### INFORMATION SHOWN
------

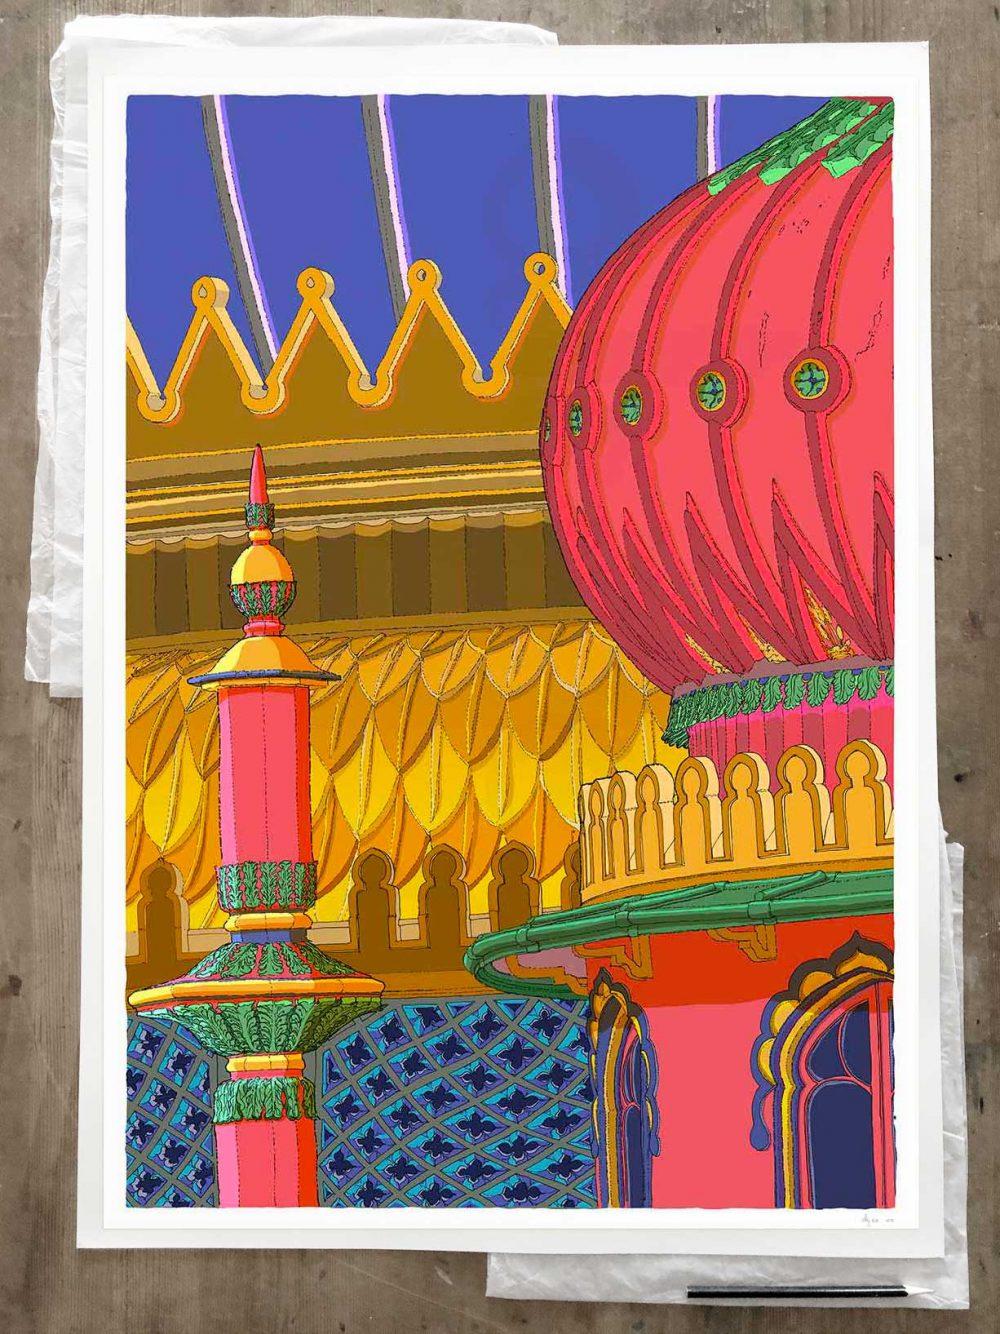 Fine art print by artist alej ez titled Regency Brighton Pavilion Finial and Domes
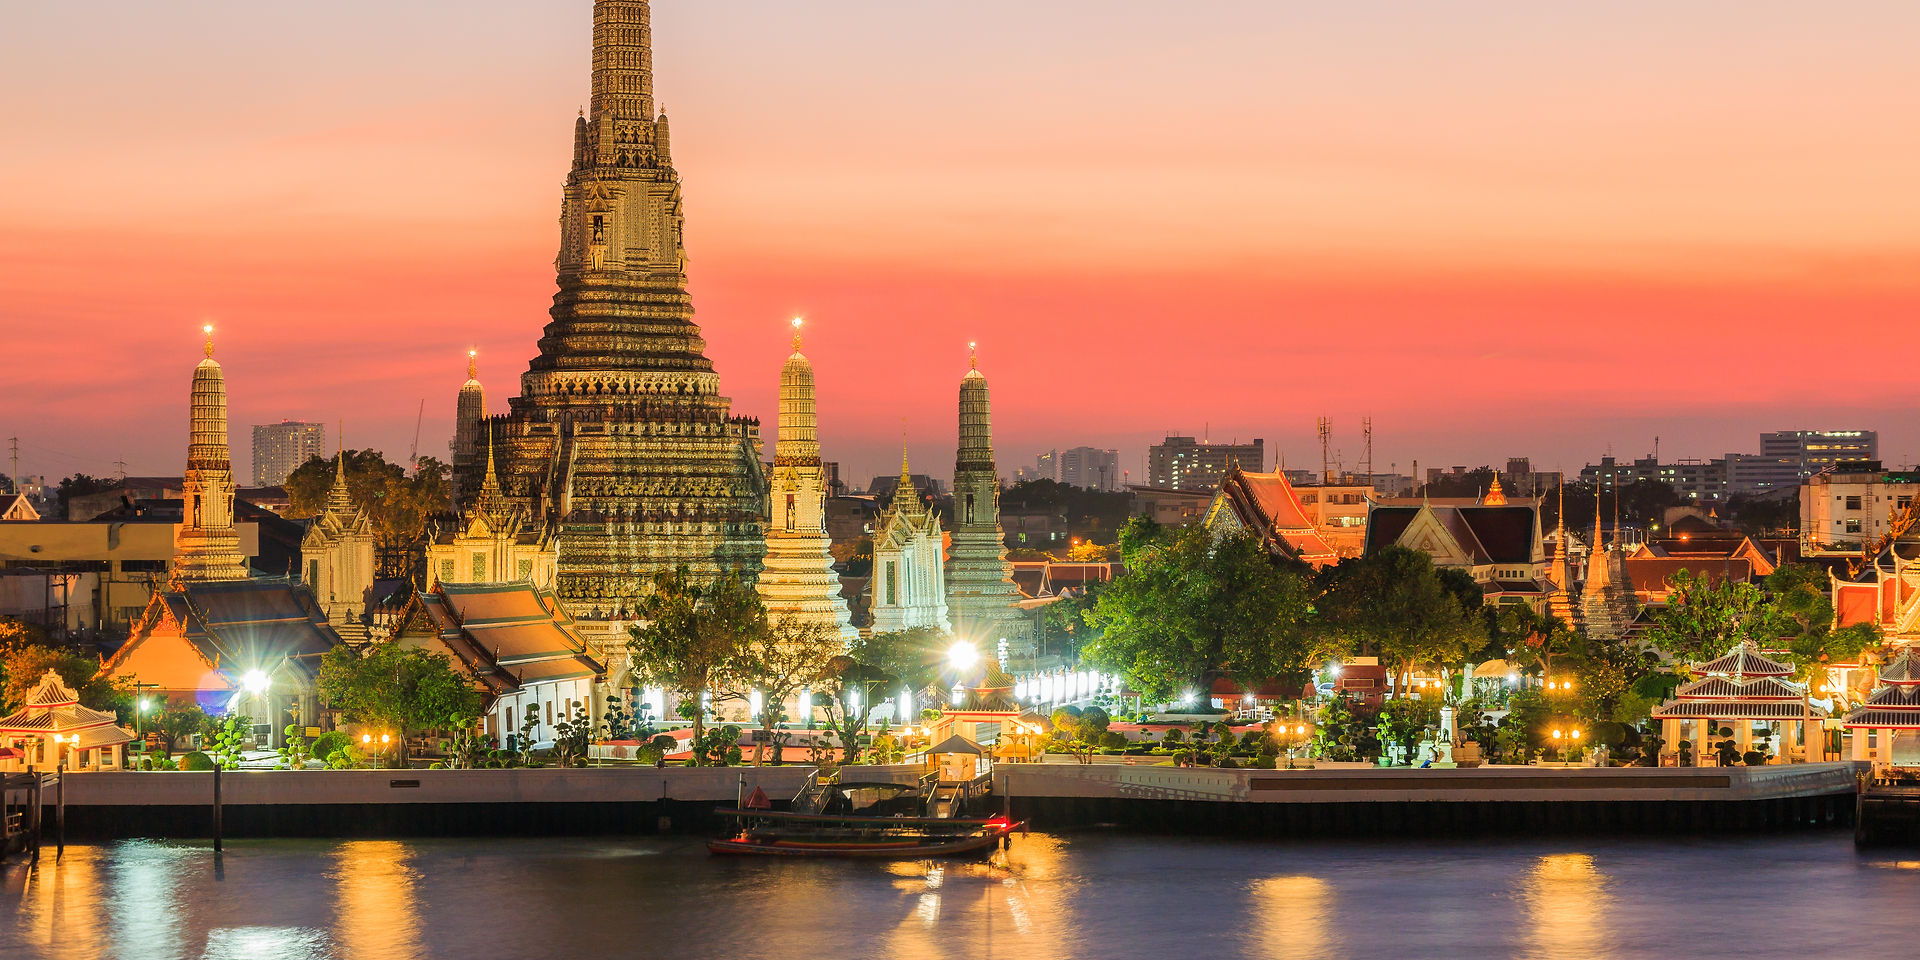 Bankok,Thailand.Wat Arun temple at sunse
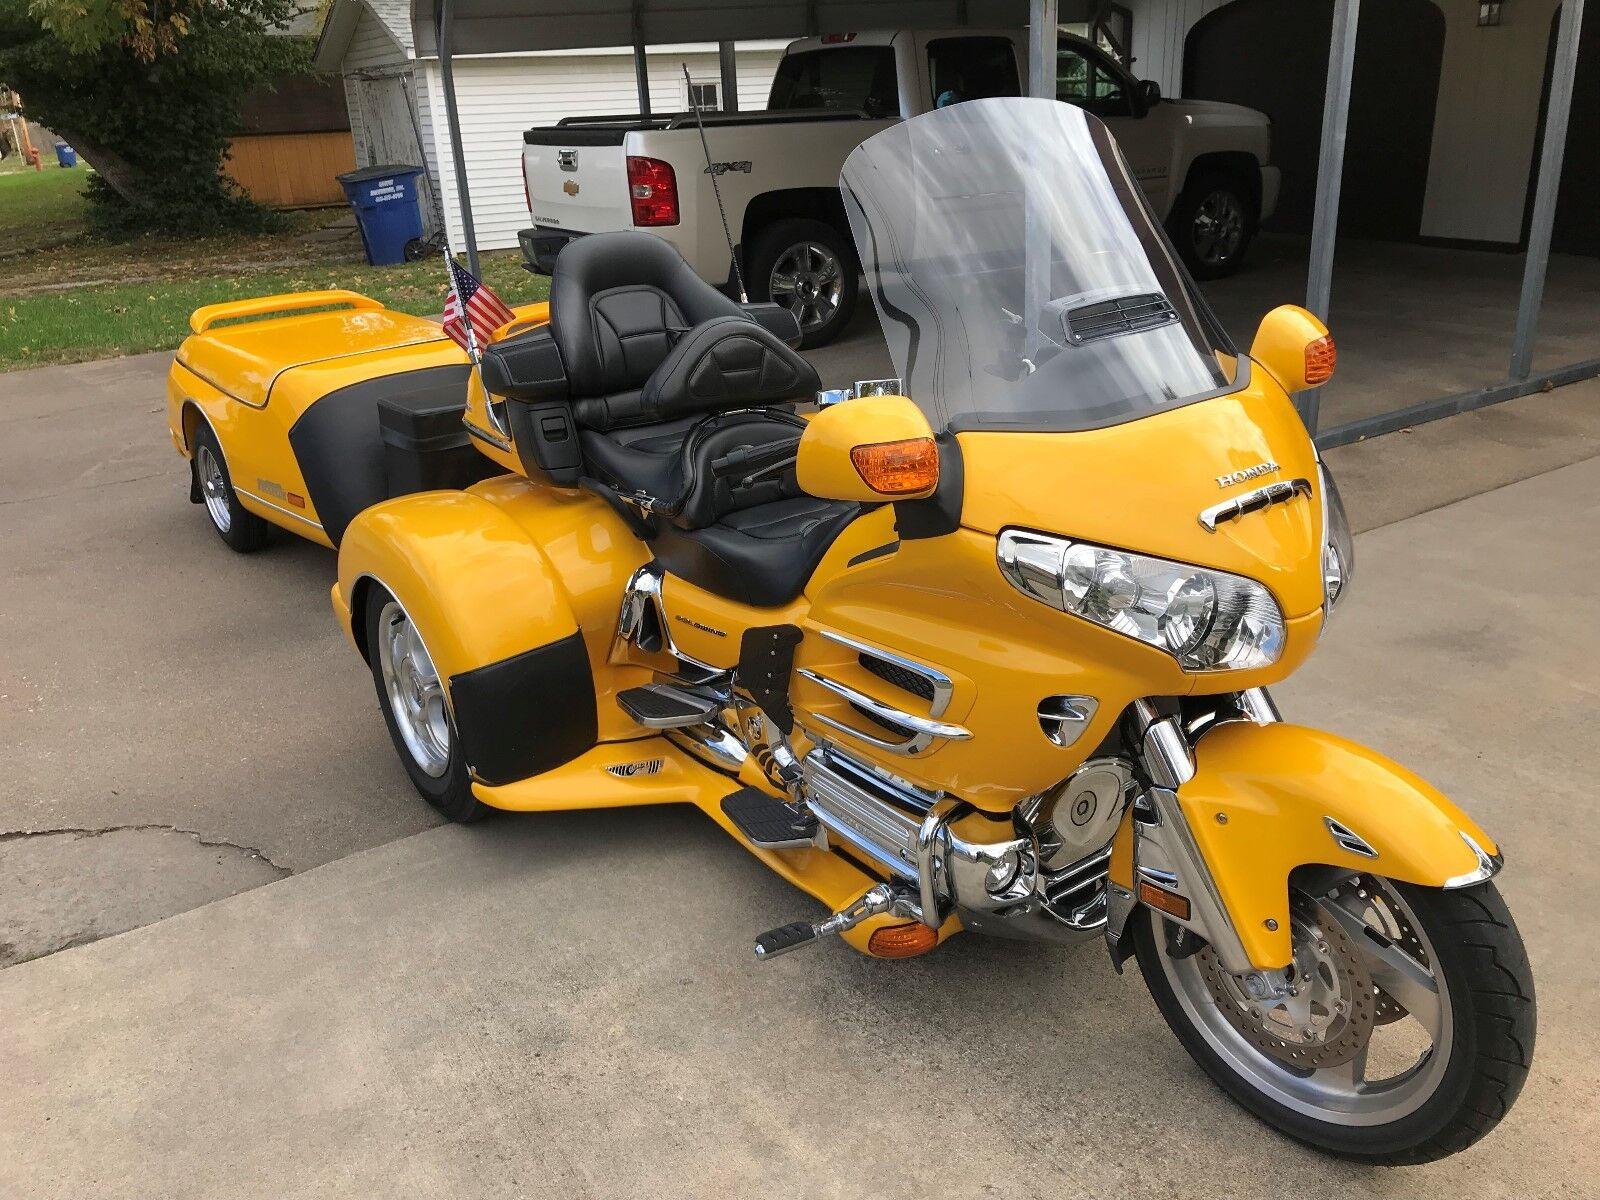 2010 Honda Gold Wing  2010 Honda 1800 Goldwing Trike, Champion Trike conversion
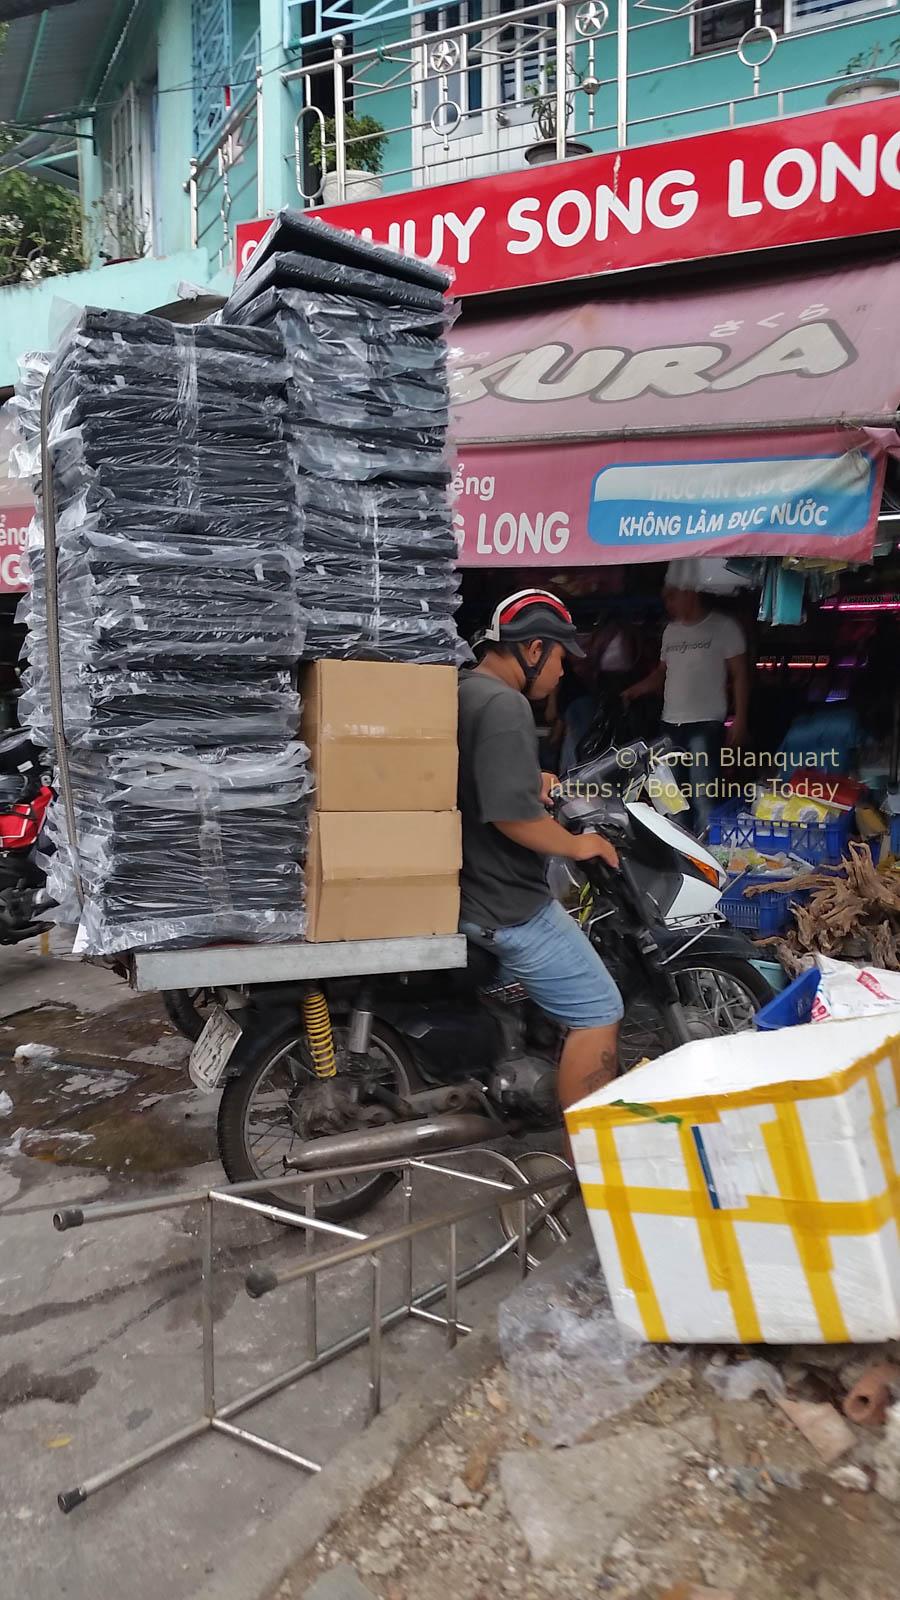 20170125-2017-01-25 15.07.29Ho Chi Minh City, Saigon, Vietnam by Koen Blanquart for Boarding.Today.jpg

------

### TASK ITEM
Could you write out exactly the lines from the line containing "2010 Honda Gold" to the end of the material, and nothing else? No pictures belong in the copy.

### TASK RESULT
 2010 Honda Gold Wing  2010 Honda 1800 Goldwing Trike, Champion Trike conversion
 20170125-2017-01-25 15.07.29Ho Chi Minh City, Saigon, Vietnam by Koen Blanquart for Boarding.Today.jpg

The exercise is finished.